Once the world's third-largest software company, Computer Associates is betting big on India to get its mojo back.

Suman Layak | Print Edition: September 20, 2009

(From L-R) Saurabh Srivastava, Will Bauman and Amit Chatterjee in front of the India Technology Center (ITC) in Hyderabad
(From L-R) Saurabh Srivastava, Will Bauman and Amit Chatterjee in front of the India Technology Center (ITC) in Hyderabad

Julia Montgomery is frequently stopped on the streets of Hyderabad by Indian women offering a compliment on how good she looks in a saree. She often picks up a tip or two on how best to wear it. And guess what: Montgomery (a white American) thinks Indian women are the smartest for they can wear comfortable clothes at work. Her experience with the saree is not too different from that of her husband Will Bauman—whose -employer is the $4.2-billion software giant CA (formerly Computer Associates), which is embracing the country with as much élan.

CA? What's that… Well if the name doesn't quite ring a bill—or, perhaps, not as loud as it would have in the early 2000s—it's not without reason. Once the world's third-largest software company, CA lost its pride of place ever since it got bogged down by allegations of insider trading. That eventually led to the exit of its high-profile Sri Lankan Chairman & CEO Sanjay Kumar in 2004. A new team largely comprising former IBM officials, led by President & CEO John Swainson, slowly but surely took over at CA, which is when it earned the sobriquet of the world's largest startup. It's #10 now in terms of software revenues, but is the top independent IT management company.

Saurabh Srivastava, Chairman
Background: Veteran entrepreneur and angel investor; had started IIS Infotech, which merged with Xansa in 1998. Co-founded NASSCOM and started one of India’s earliest venture funds, Infinity Ventures; was also Chairman of Electronics and Computer Software Export Promotion Council.
Amit Chatterjee, Managing Director
Background: Was Head of Alliances for HP Software across Asia-Pacific and Japan after serving as HP Software’s India Country Leader for more than seven years; spent two years with Microland and 11 years with HCL Infosystems.
Will Bauman, Senior Vice President & General Manager
Background: Was Senior Vice President and & GM for the Workload Automation business unit of CA before coming to India; before joining CA in 2005, served as VP (Business Development) for InternetSpeech, a California start-up; prior to that VP (Product Management & Development) at BMC Software.

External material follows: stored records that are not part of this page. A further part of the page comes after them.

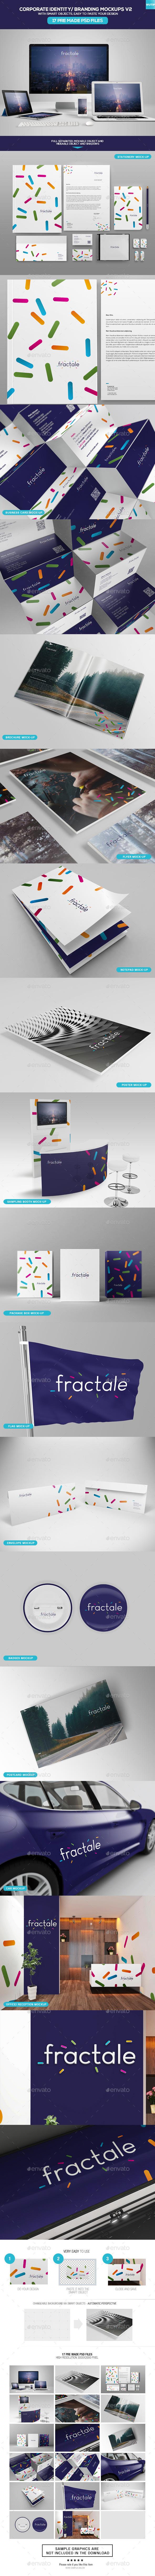 Corporate Identity - Branding Mockups V2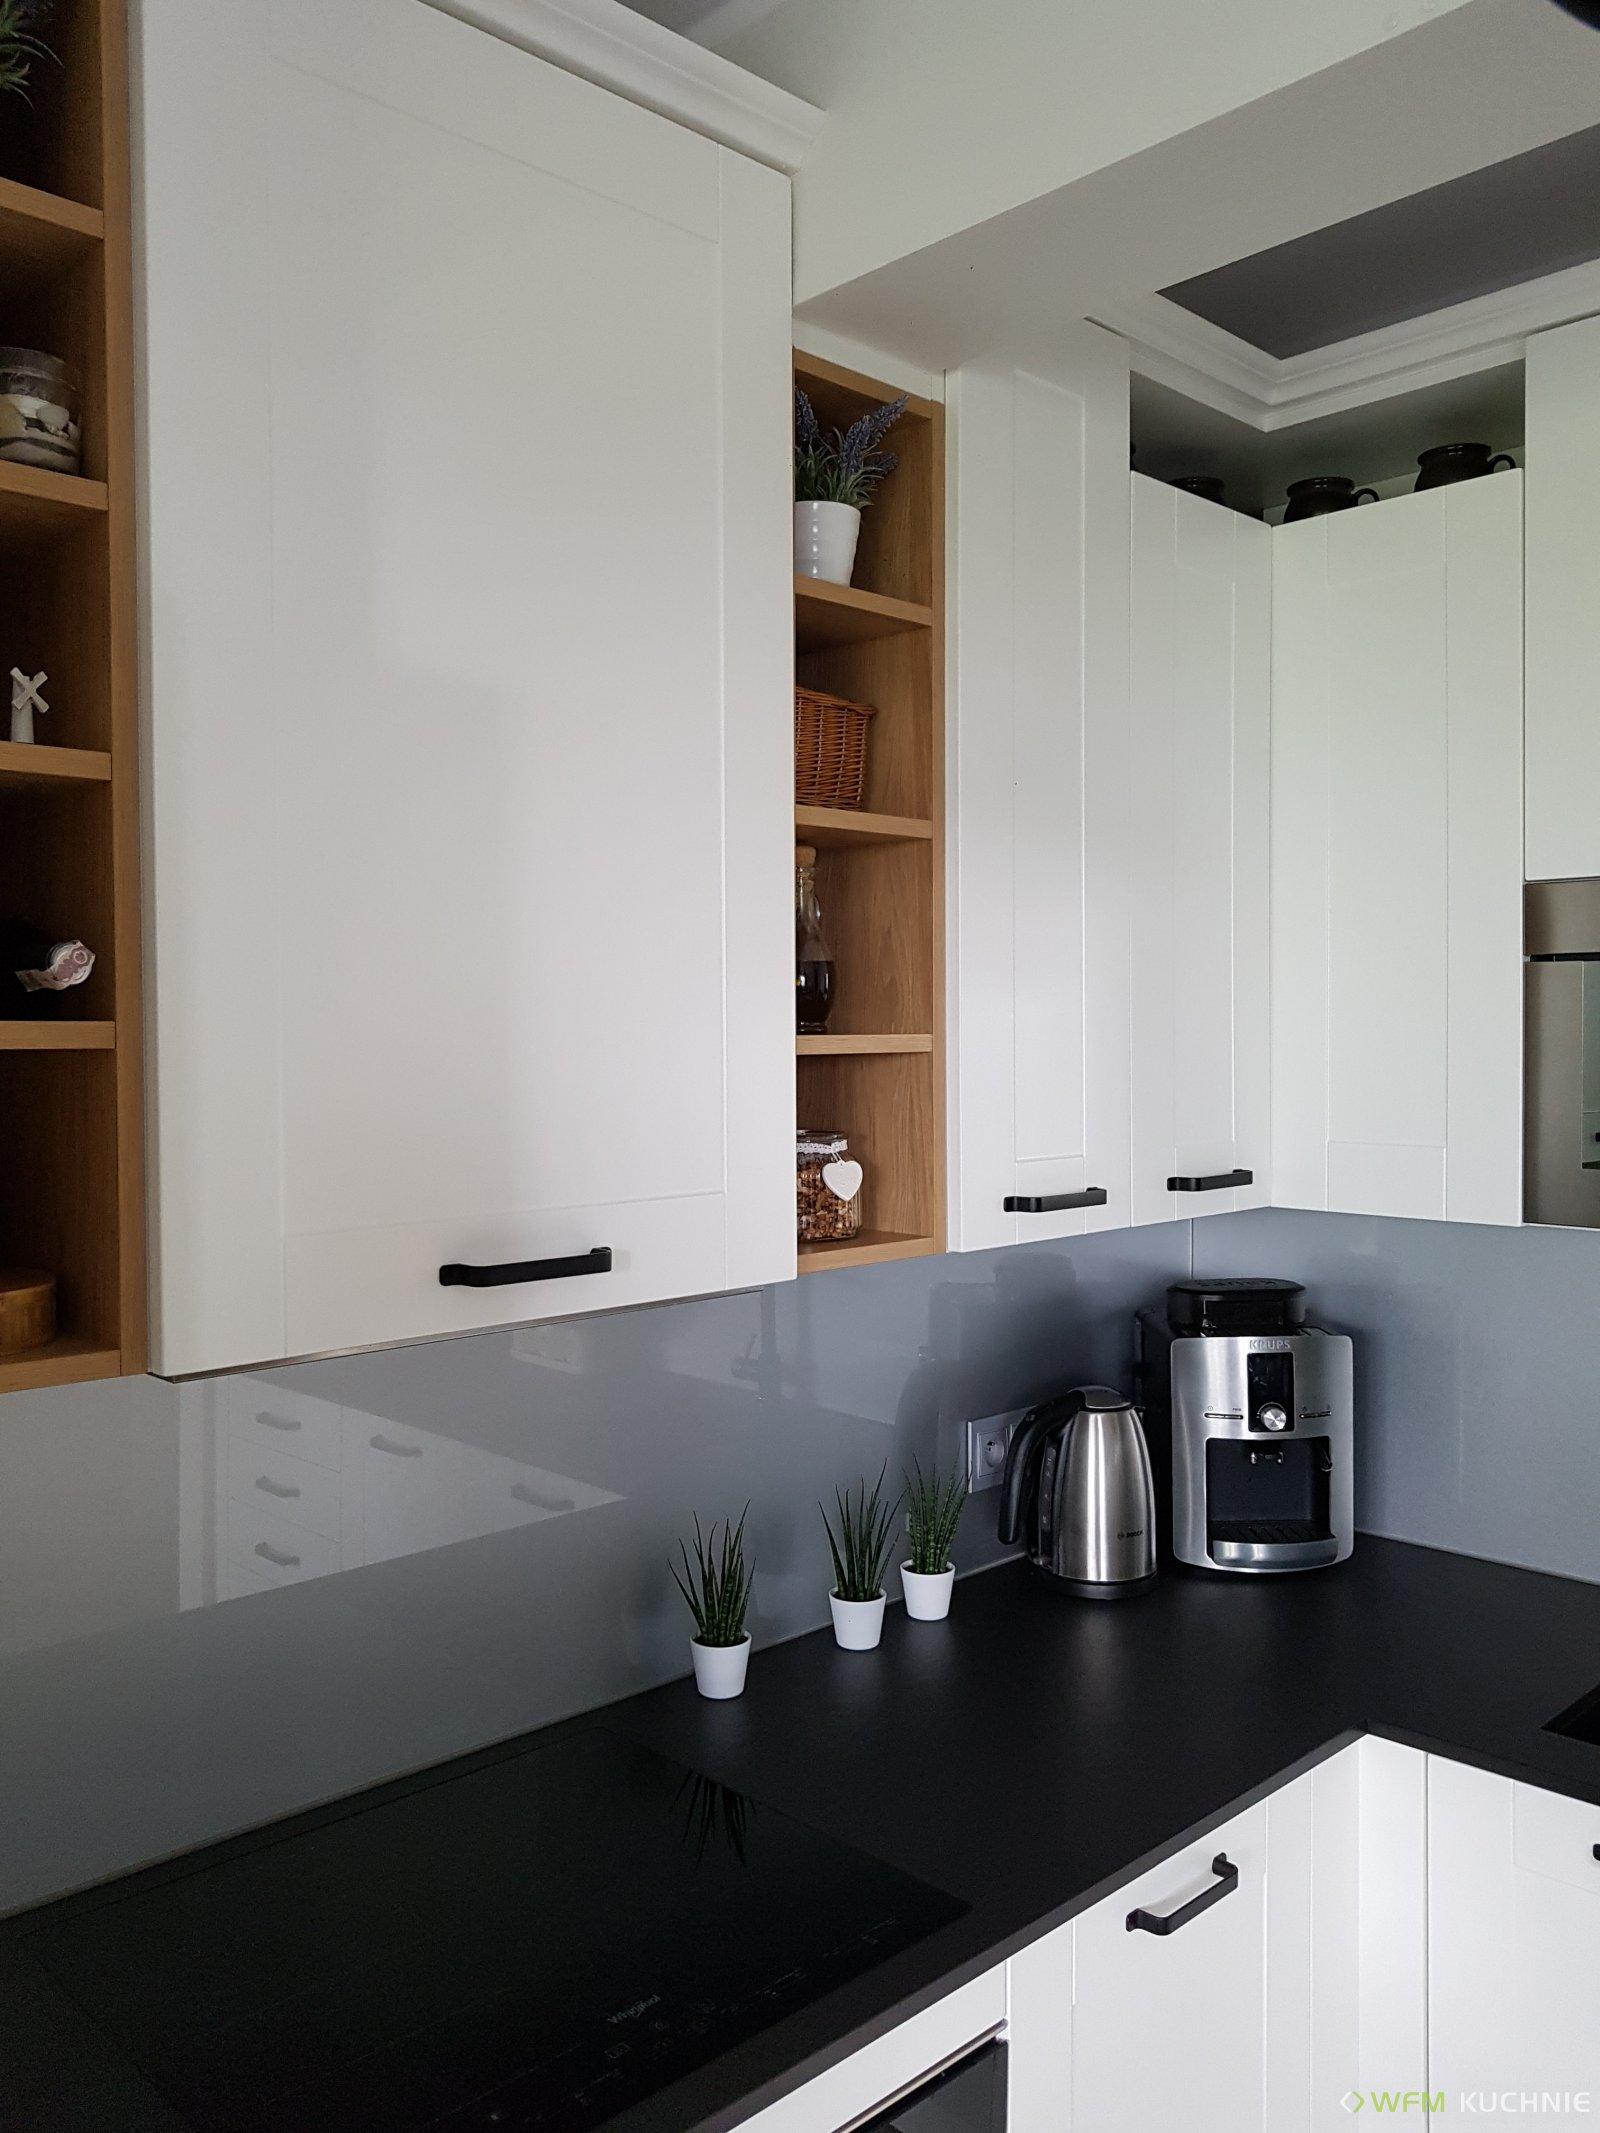 Kuchnie na wymiar WFM FLORINA II biały mat z akcentami drewnopodobnymi w kolorze hikora naturalna - Meble kuchenne Kraków - WFM KUCHNIE Kraków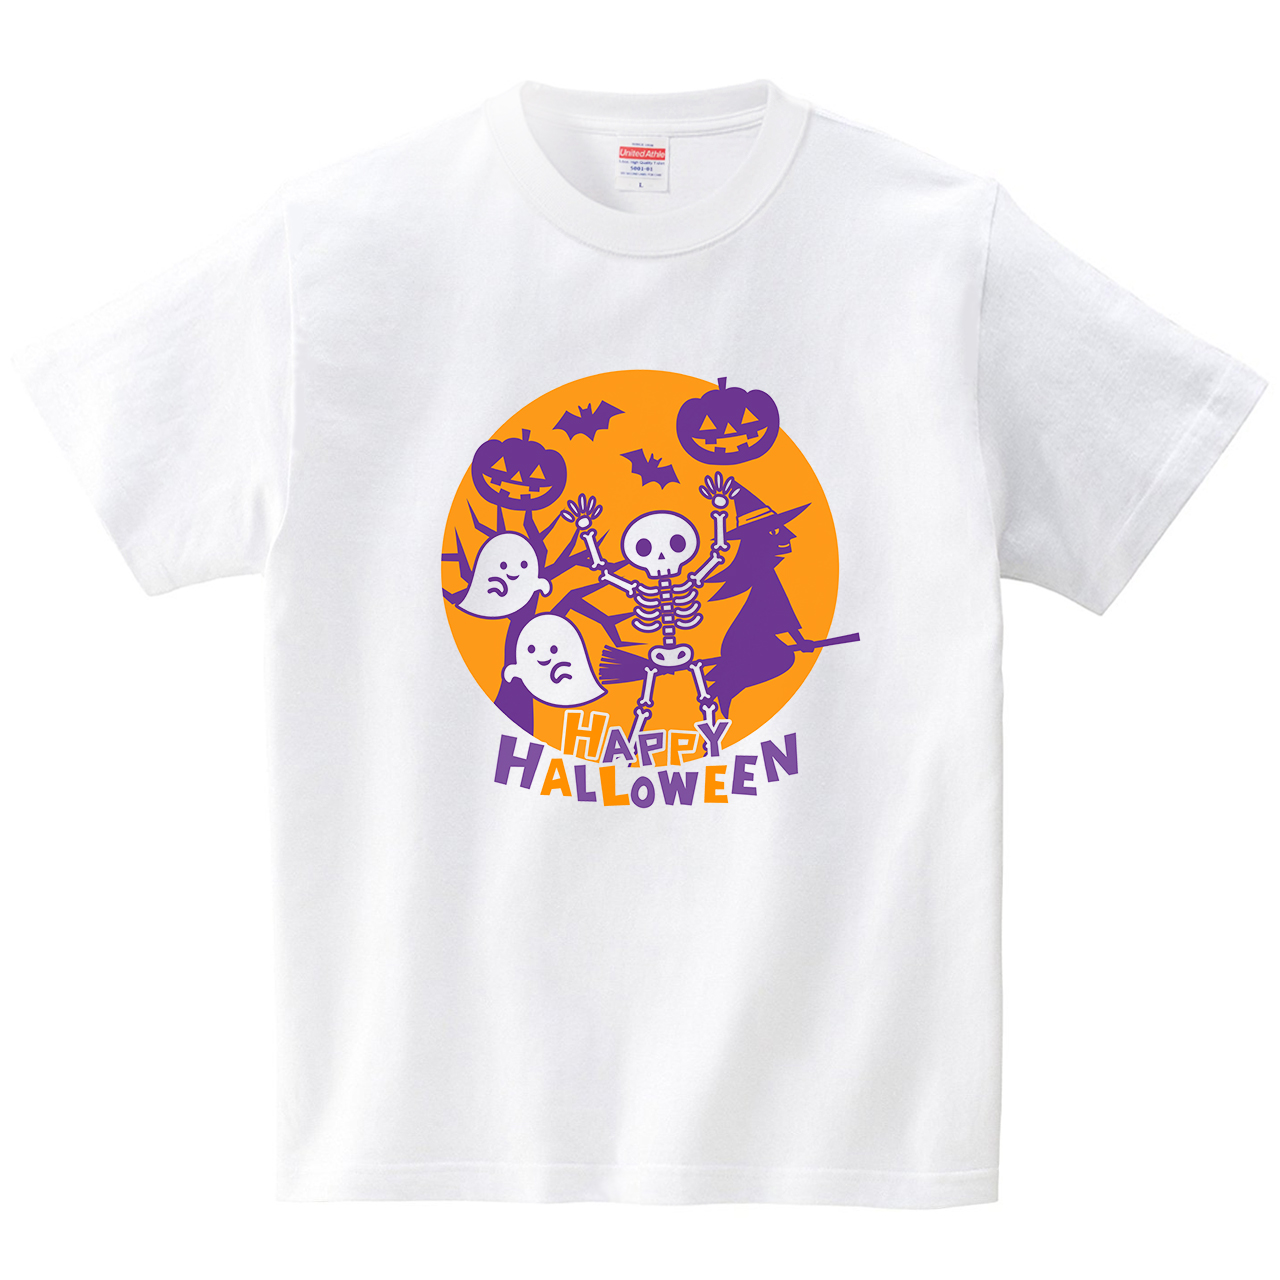 ハロウィンモンスター(Tシャツ・ホワイト)(あずき*)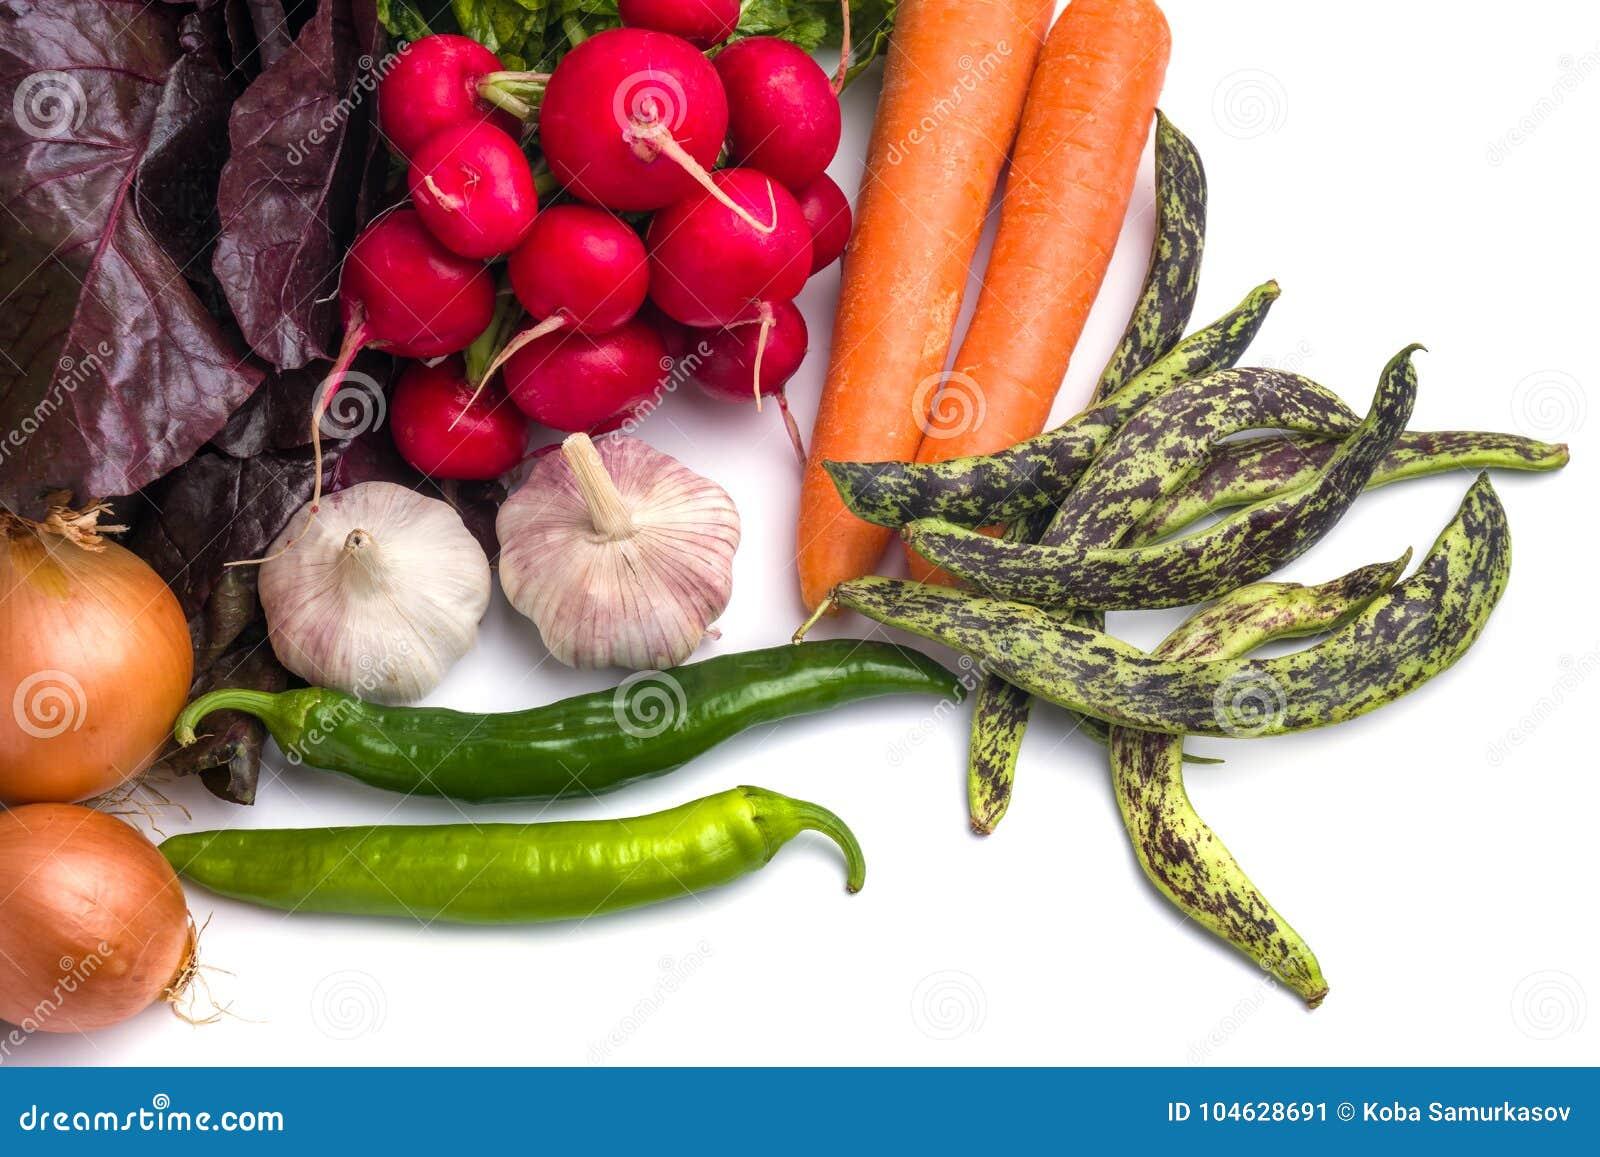 Download Sluit Omhoog Van Diverse Kleurrijke Rauwe Groenten Op Witte Achtergrond Stock Afbeelding - Afbeelding bestaande uit wortel, landbouwbedrijf: 104628691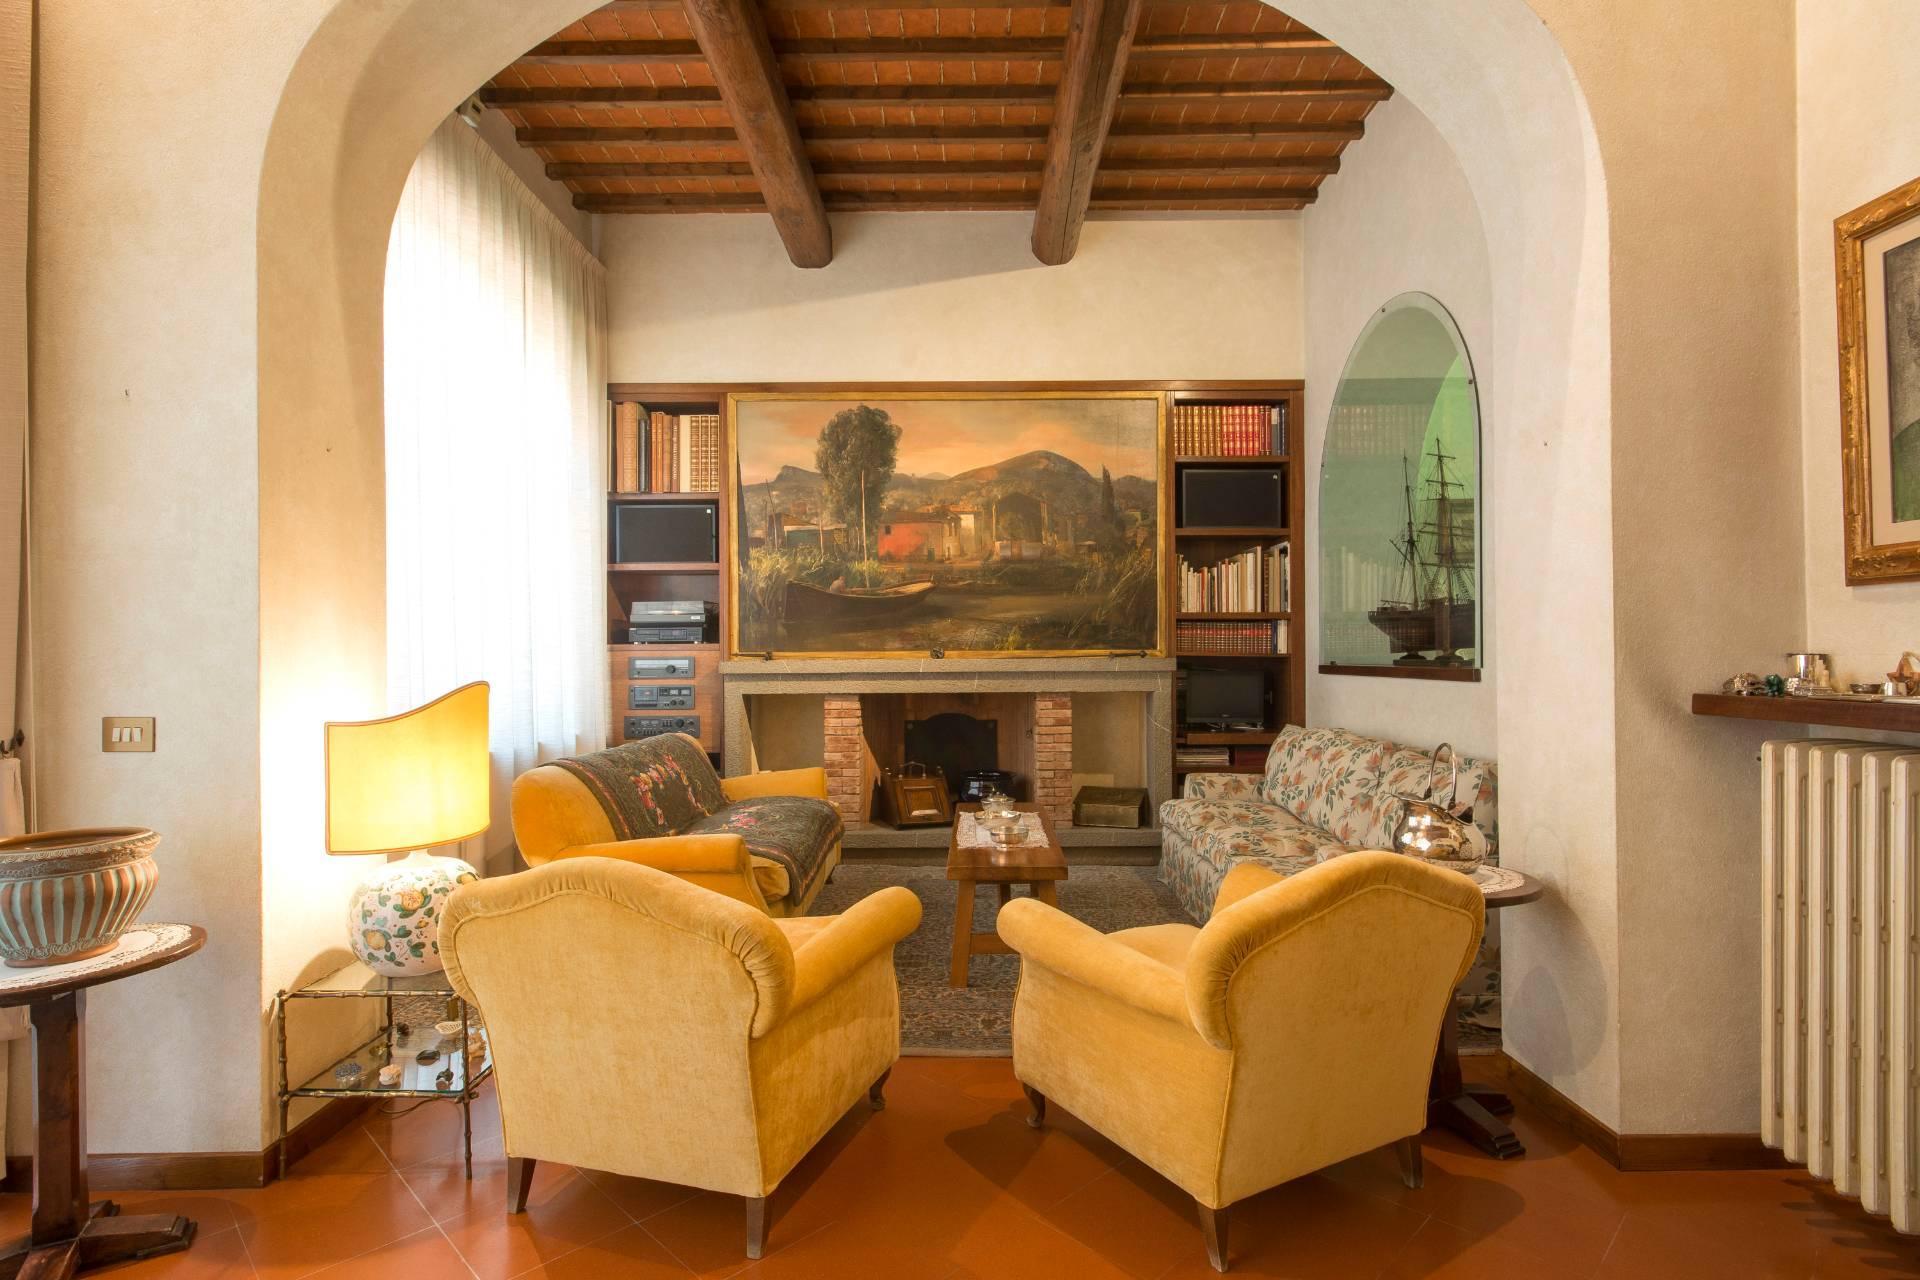 Villa storica con vista su Firenze - 10

CA is now counting heavily on India to to regain its place in the sun. Soon, 15 per cent of its employees worldwide will be from India. "India is a glass that's half full—in fact, there are many glasses here that are half full and that's how we see India," says Bauman.

Bauman is the Senior Vice President & General Manager for CA in India and is one of a troika that runs the multinational's ambitious India engagement plan. Bauman runs the Indian Technology Center (ITC) of CA in Hyderabad, which, in a couple of years, will be CA's largest technology centre anywhere in the world. While Bauman started his India stint in February 2009, two seasoned Indian professionals came on board months later. First, in April veteran entrepreneur and angel investor Saurabh Srivastava was brought in as Chairman; a month later Amit Chatterjee, HP Software's Head of Alliances across Asia-Pacific, joined up as Managing Director for India in May. The mandate was clear-cut: Leverage India for CA.

Srivastava, one of the co-founders of IT services industry body NASSCOM, has a unique role as Chairman of CA India. He comes in as a mentor from the first day. "We are not in India just to sell our software. It is a much bigger goal. If you look at CA India today, it is almost a mirror image of CA USA. Not in size, but whatever we do in the US, we also do in India. It is not true of CA in any other market in the world." CA, headquartered in Islandia, New York, is the biggest player in the world in large-scale enterprise software, especially in security and mainframes. It's also been holding its own in the downturn; globally, the company reported no decline in sales in the last fiscal and has stated that it wants to invest in the downturn. A lot of that will happen in India. The company is investing in technology, innovation and acquisition of new technologies. CA's investment in ITC will touch $60 million by mid-2010.